The untold history of six revolutionary women who wrote the narrative of the war from their own bold perspective.

On the front lines of the Second World War, a contingent of female journalists were bravely waging their own battle. Barred from combat zones and faced with entrenched prejudice and bureaucratic restrictions, these women were forced to fight for the right to work on equal terms with men.

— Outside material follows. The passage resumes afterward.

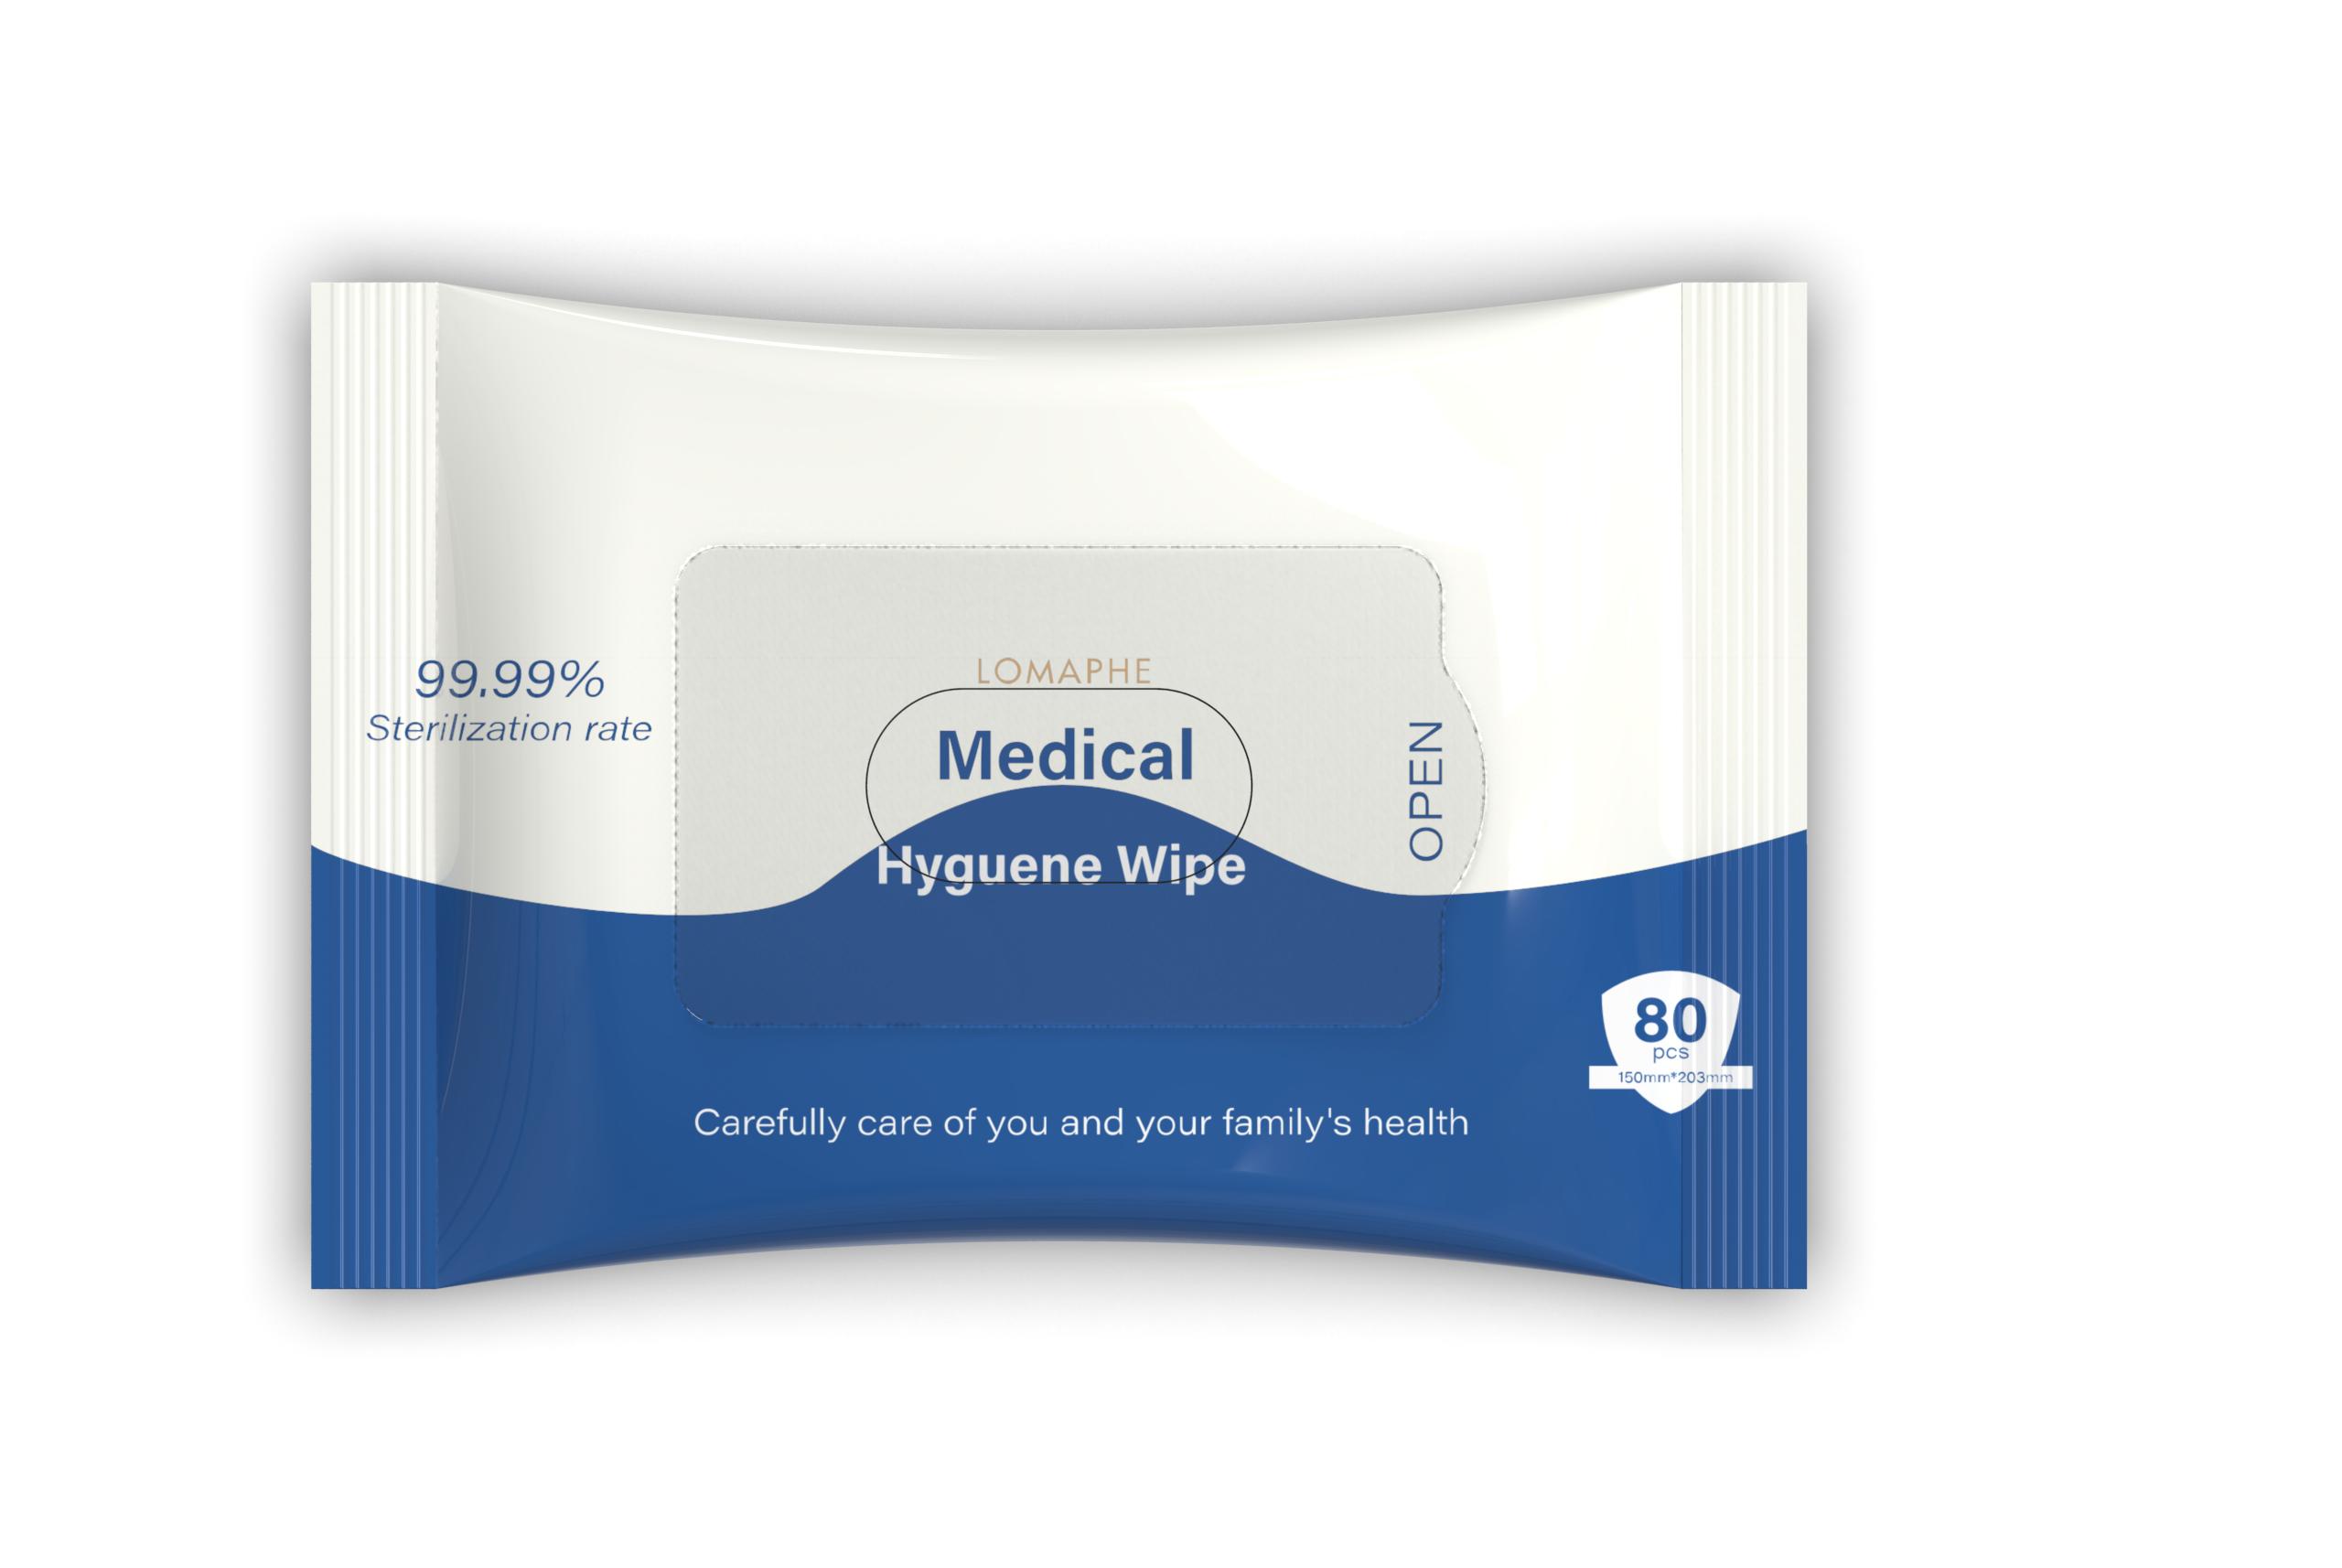 15X20CM medical wipes

The Correspondents follows six remarkable women as their lives and careers intertwined: Martha Gellhorn, who out-scooped her husband, Ernest Hemingway, on D-Day by traveling to Normandy as a stowaway on a Red Cross ship; Lee Miller, who went from being a Vogue cover model to the magazine's official war correspondent; Sigrid Schultz, who hid her Jewish identity and risked her life by reporting on the Nazi regime; Virginia Cowles, a "society girl columnist" turned combat reporter; Clare Hollingworth, the first war correspondent to report the outbreak of World War II; and Helen Kirkpatrick, the first woman to report from an Allied war zone with equal privileges to men.

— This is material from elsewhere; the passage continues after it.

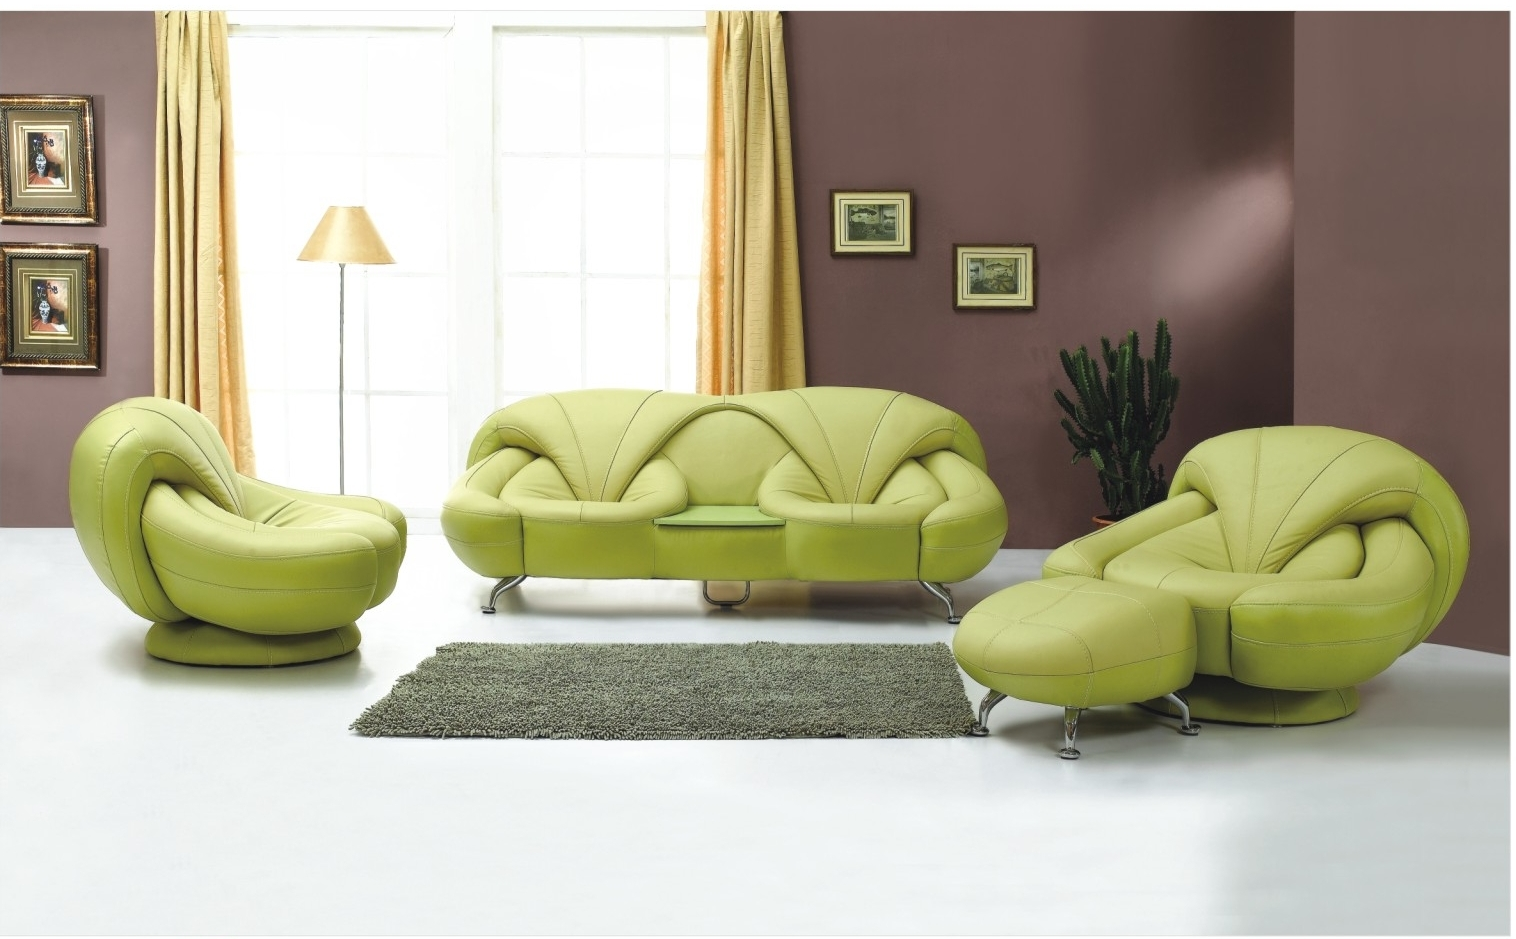 Modern living room furniture designs ideas. | An Interior Design

From chasing down sources and narrowly dodging gunfire to conducting tumultuous love affairs and socializing with luminaries like Eleanor Roosevelt, Picasso, and Man Ray, The Correspondents captures both the adversity and the vibrancy of these women's lives. With her gripping, intimate, and nuanced portrait, Judith Mackrell celebrates these courageous reporters who risked their lives for the scoop.